The frustrating part of all this is how recent and how little we are understanding the condition of menopause. Every single woman who lives to midlife goes through this transition. And yet medical science has historically operated on what Dr. Nannette Wenger calls “bikini medicine.” It’s the assumption that women are essentially smaller men with different reproductive organs, and that the reproductive parts are all that distinguish us. Hot flashes? Hormones. Depression? Probably just hormones. Bone loss, cardiovascular changes, brain fog, sleep disruption? Hormones.
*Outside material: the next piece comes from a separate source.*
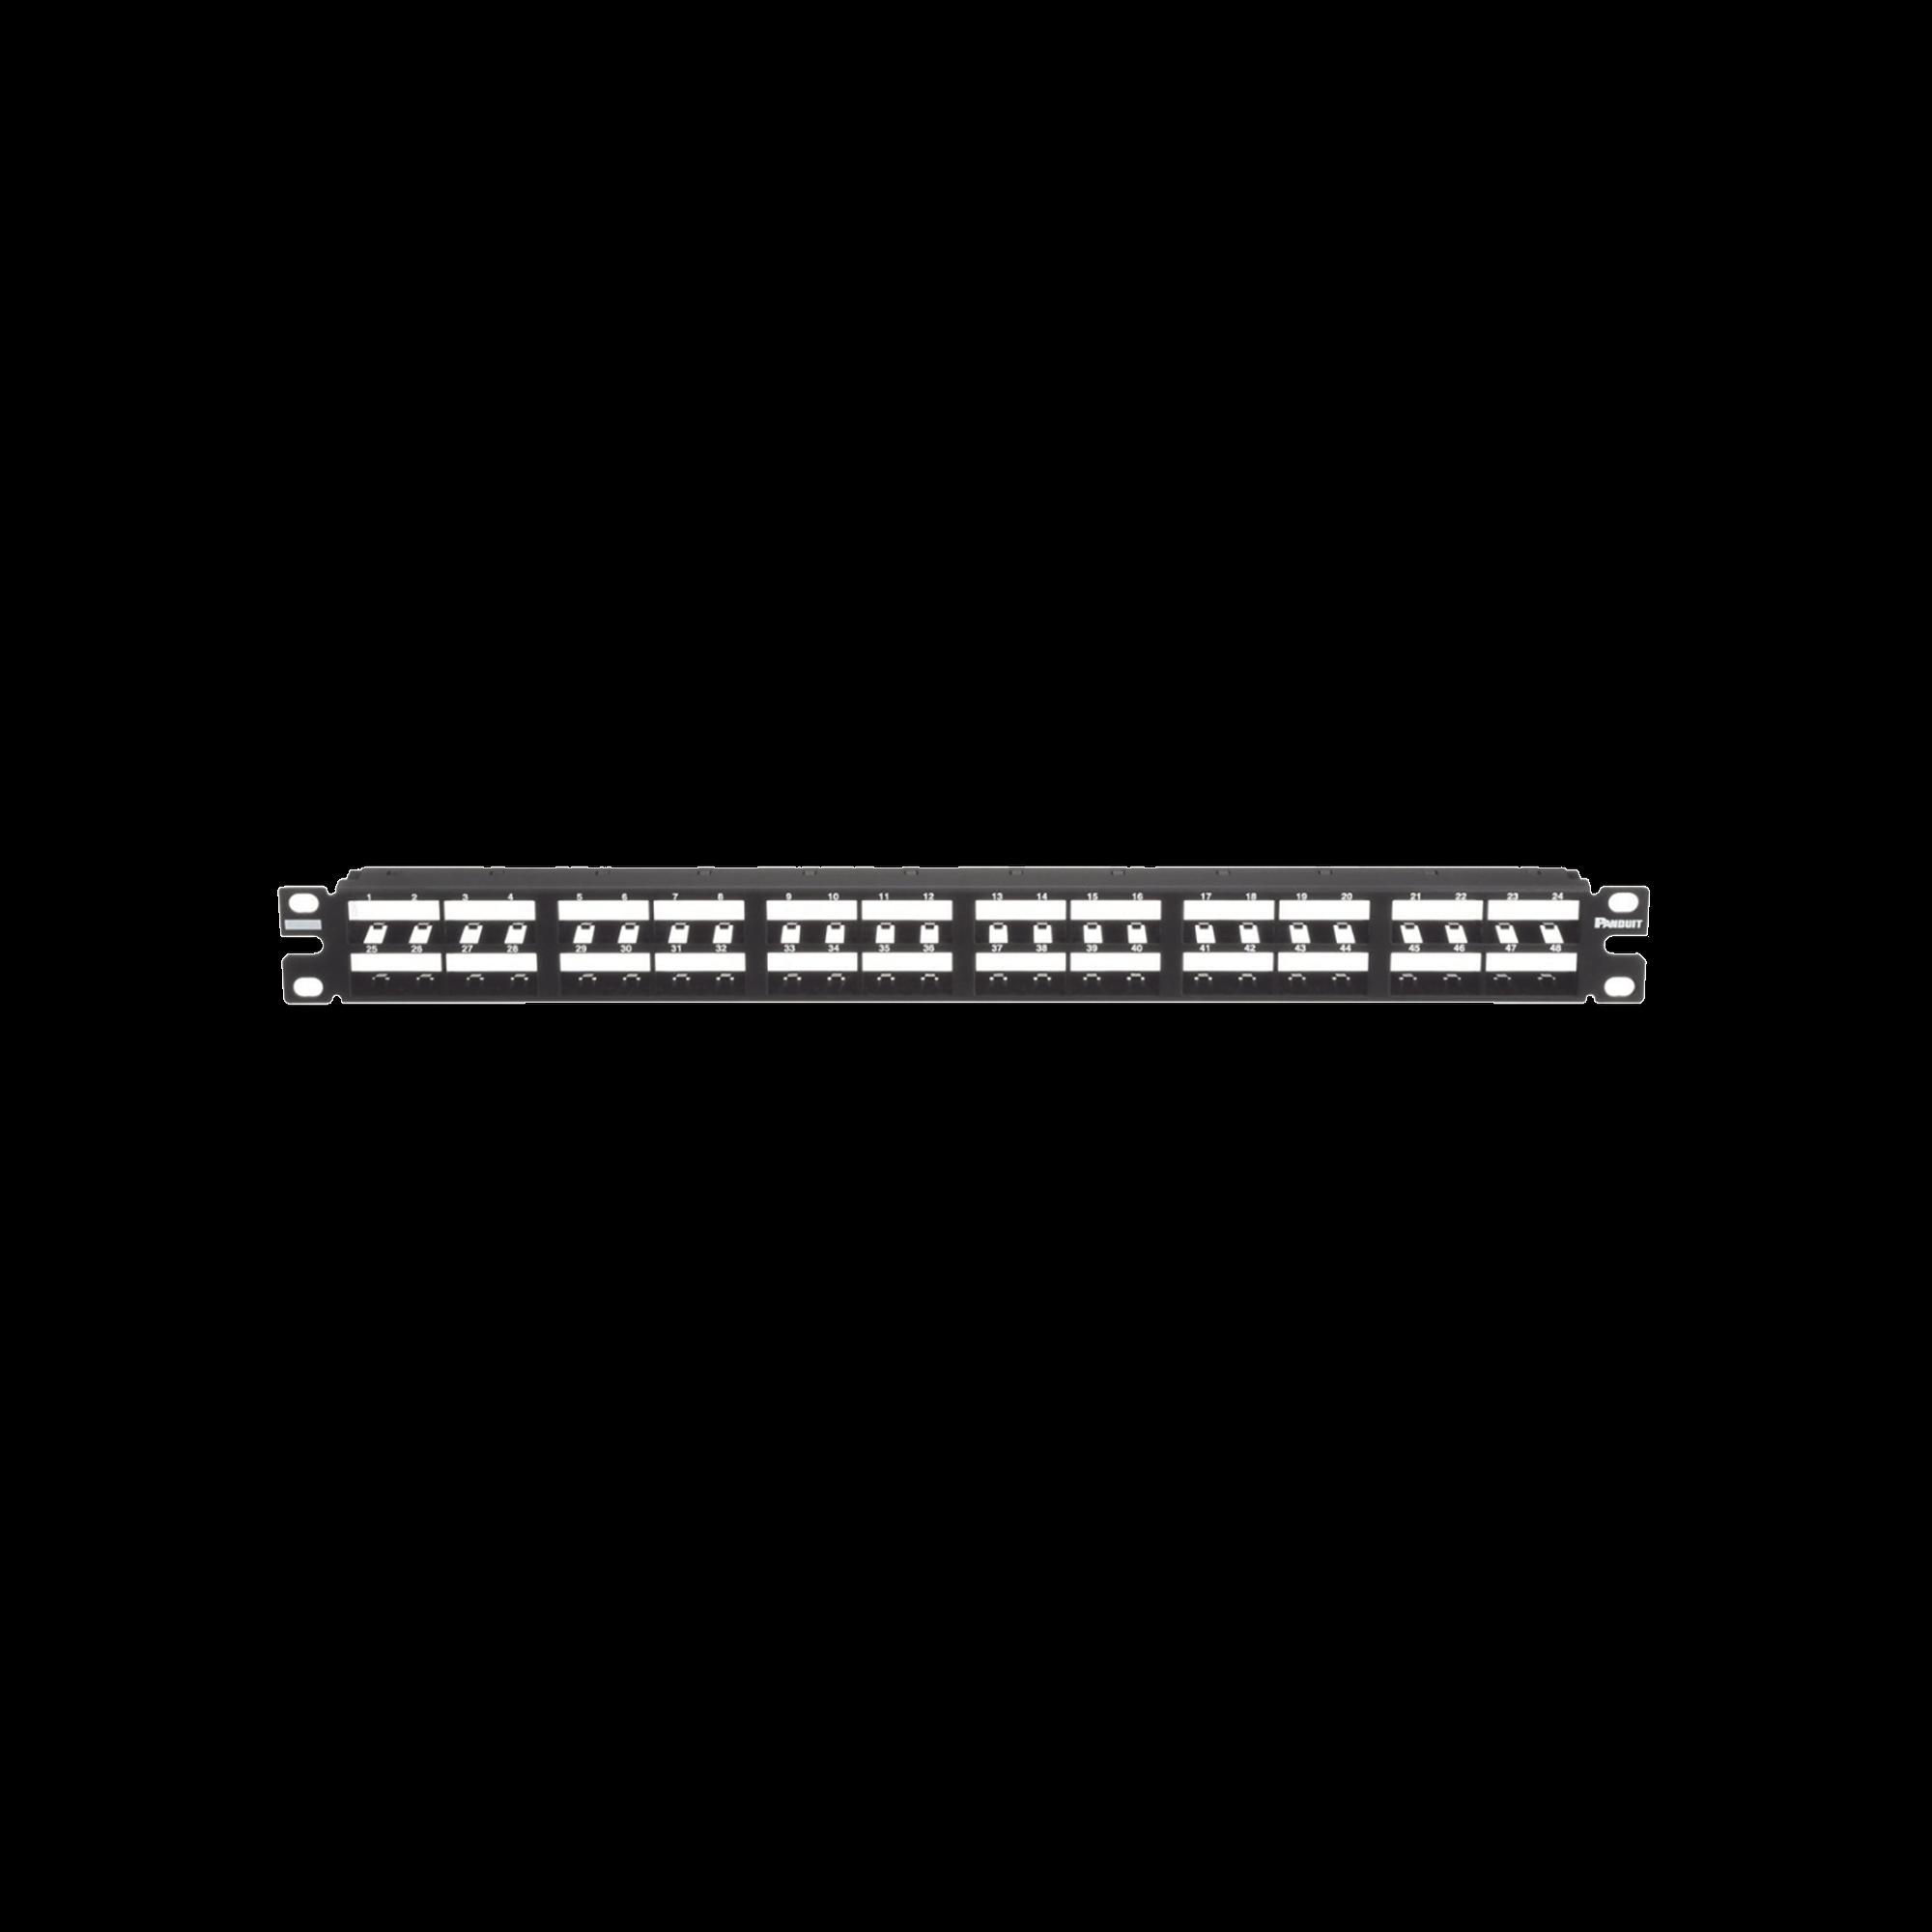 Panel de Parcheo Modular Mini-Com (Sin Conectores), Plano, Sin Blindaje, Alta Densidad, de 48 puertos, 1UR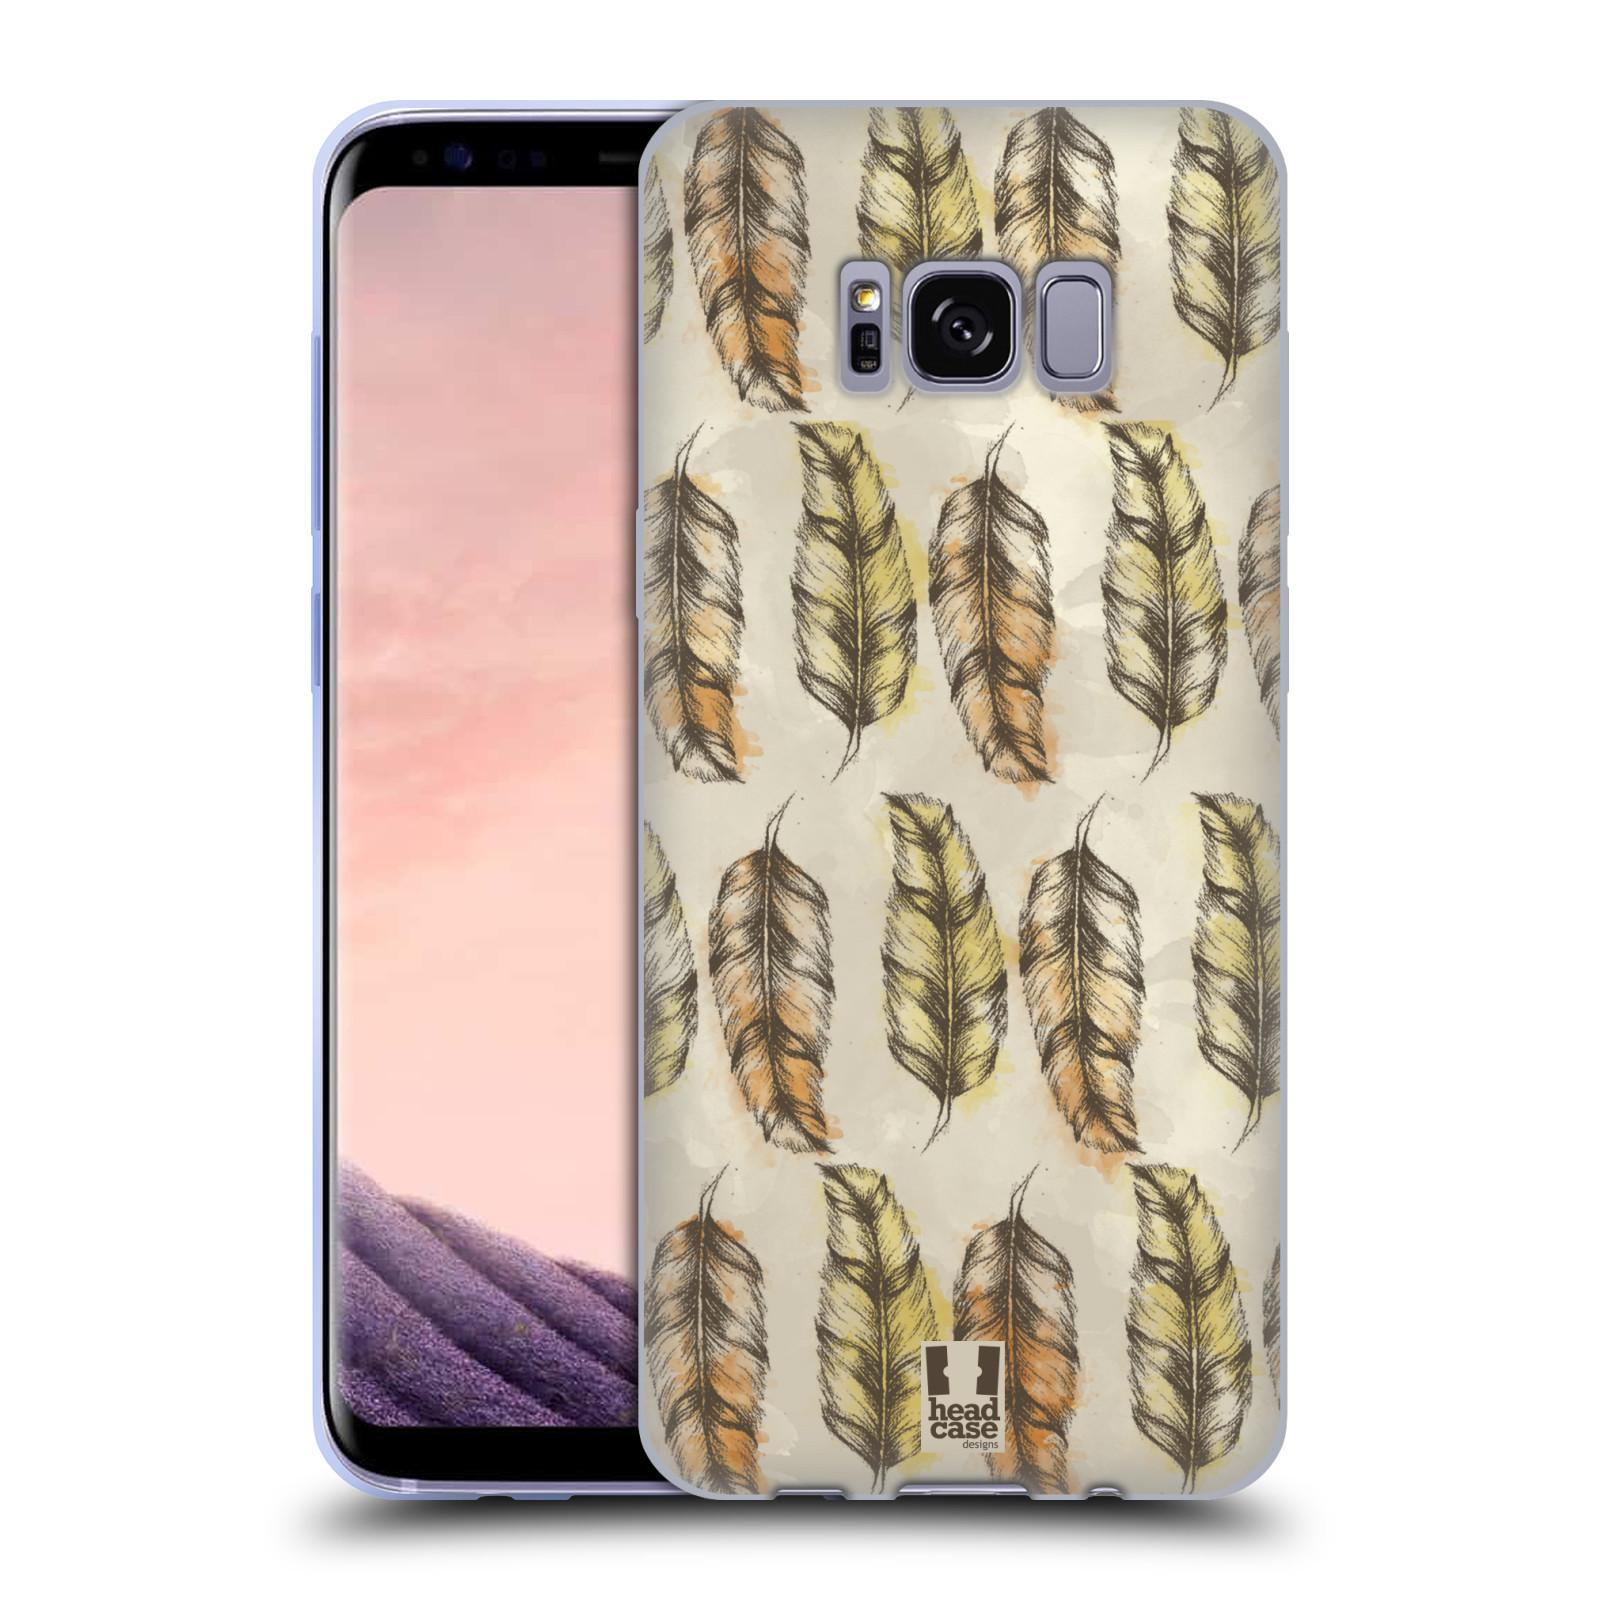 Silikonové pouzdro na mobil Samsung Galaxy S8 - Head Case - Bohémská pírka (Silikonový kryt či obal na mobilní telefon s motivem Bohemian Soul pro Samsung Galaxy S8 SM-G9500)

Women of reproductive age were explicitly excluded from most clinical research until the 1990s. The NIH’s landmark Study of Women’s Health Across the Nation (SWAN) enrolled over 3,300 women in 1994 and has been tracking them for decades. It was revolutionary for women’s health, and has given us most of what we know about how menopause progresses across different racial and ethnic groups. Black women, for instance, experience hot flashes more frequently and with greater intensity than white or Asian women; menopause onset varies by background, body type, and access to care.
So, as Garbo, the Japanese and their Hadza, and the orcas all know, menopause is not a malfunction. It is feature refined over hundreds of thousands of years, shared by the most socially complex, cognitively sophisticated, long-lived mammals on the planet. Does this make any of the experiences and symptoms of menopause more manageable? No not at all, they deserve continued research for supporting the female population, love y’all.